Complex shapes of rainfall depth-duration-frequency curves

Frequency analysis of rainfall intensities or rainfall depths (precipitation totals) is usually performed by estimating respective design values occurring on average once per a given number of years (return period N). Estimates of design rainfall depths R_N (design precipitation totals) with a given frequency F = 1 / N for different rainfall durations D can be fitted with a depth-duration-frequency (DDF) curve defined by a suitable mathematical function. For a given return period, the DDF curve depicts the increase of the design precipitation total when increasing the duration (length of the considered time window). Thus, each DDF curve is monotonically increasing, while its slope gradually decreases with increasing rainfall duration.

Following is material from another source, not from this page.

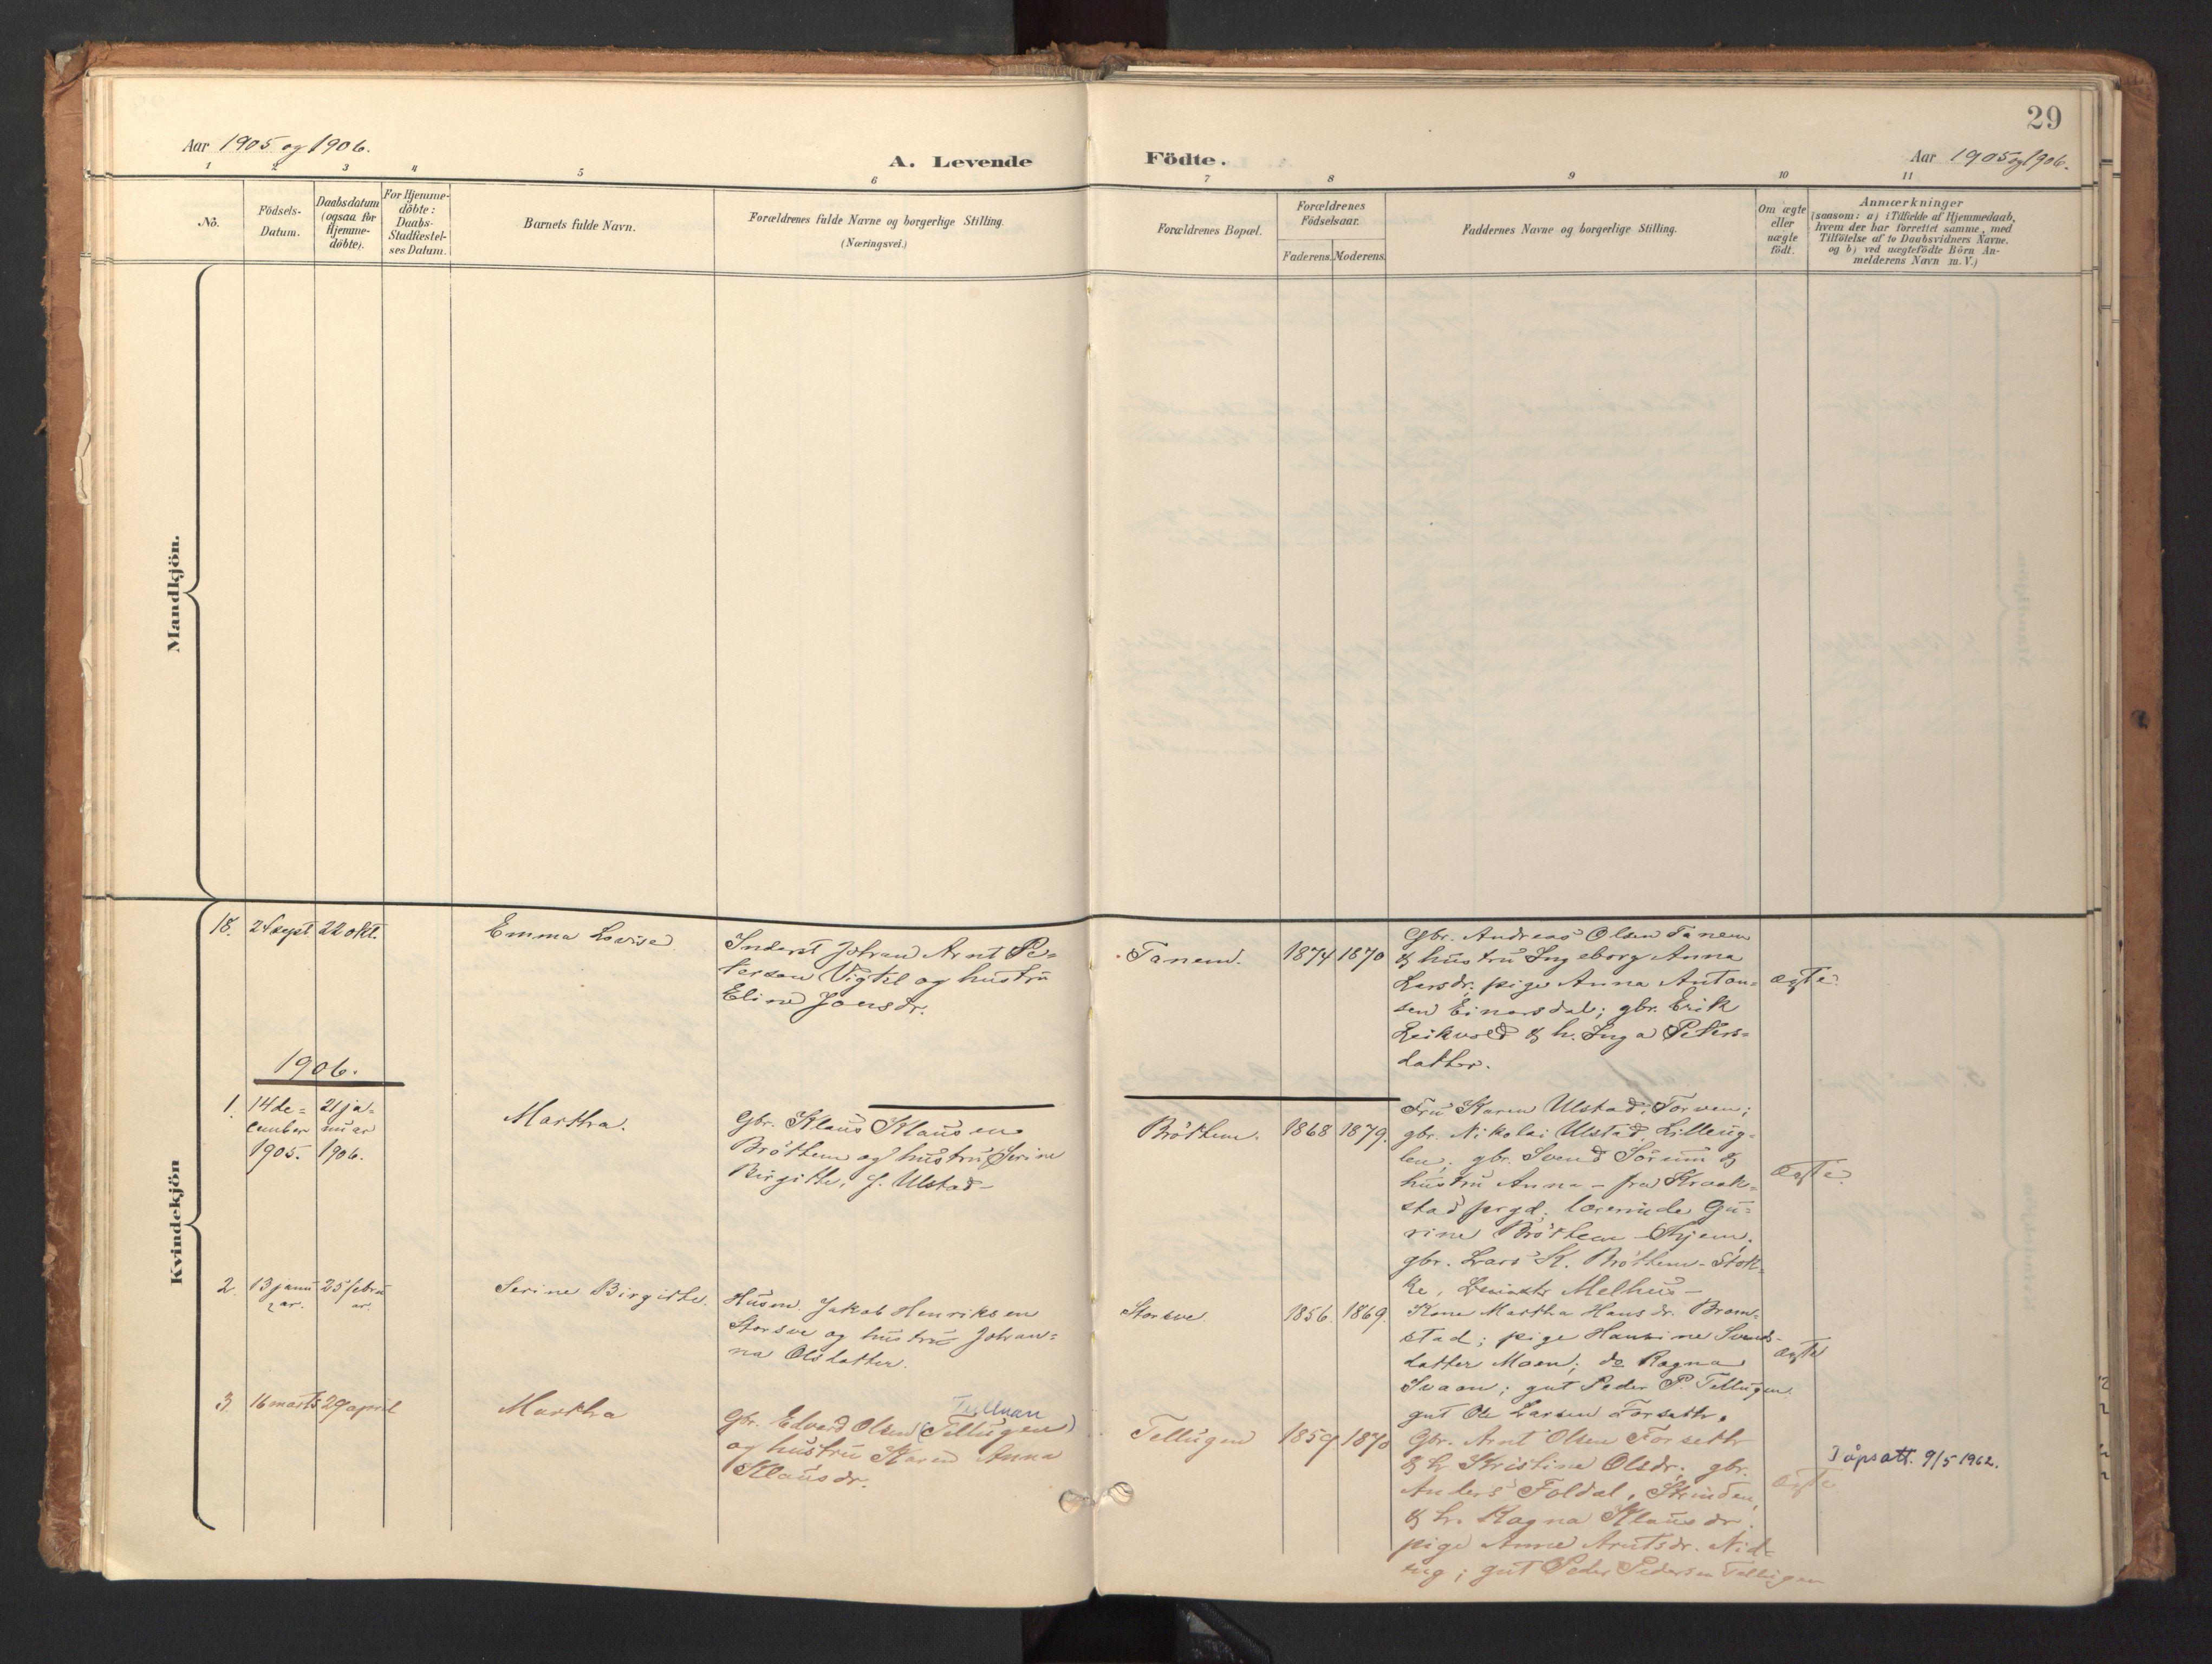 SAT, Ministerialprotokoller, klokkerbøker og fødselsregistre - Sør-Trøndelag, 618/L0448: Ministerialbok nr. 618A11, 1898-1916, s. 29

For a limited range of rainfall durations (e.g., from 0.5 to 3 hours), design precipitation totals can be fitted by a single power function. However, this statistical model becomes less reliable or even useless when employing either shorter or longer durations, because the DDF curve gets a much more complex shape then. We also provide a possible explanation of such complex shapes of DDF curves as a result of different meteorological conditions producing high precipitation totals of different durations. Two tipping points of the DDF curve can be due to the transition from the scale of single convective cells to the scale of whole multicellular storms, as well as from the scale of multicellular storms to the synoptic scale. Thus, differences of shapes of DDF curves between lowlands and highlands can be explained by changes of representation of convective and stratiform rains among precipitation maxima of different duration.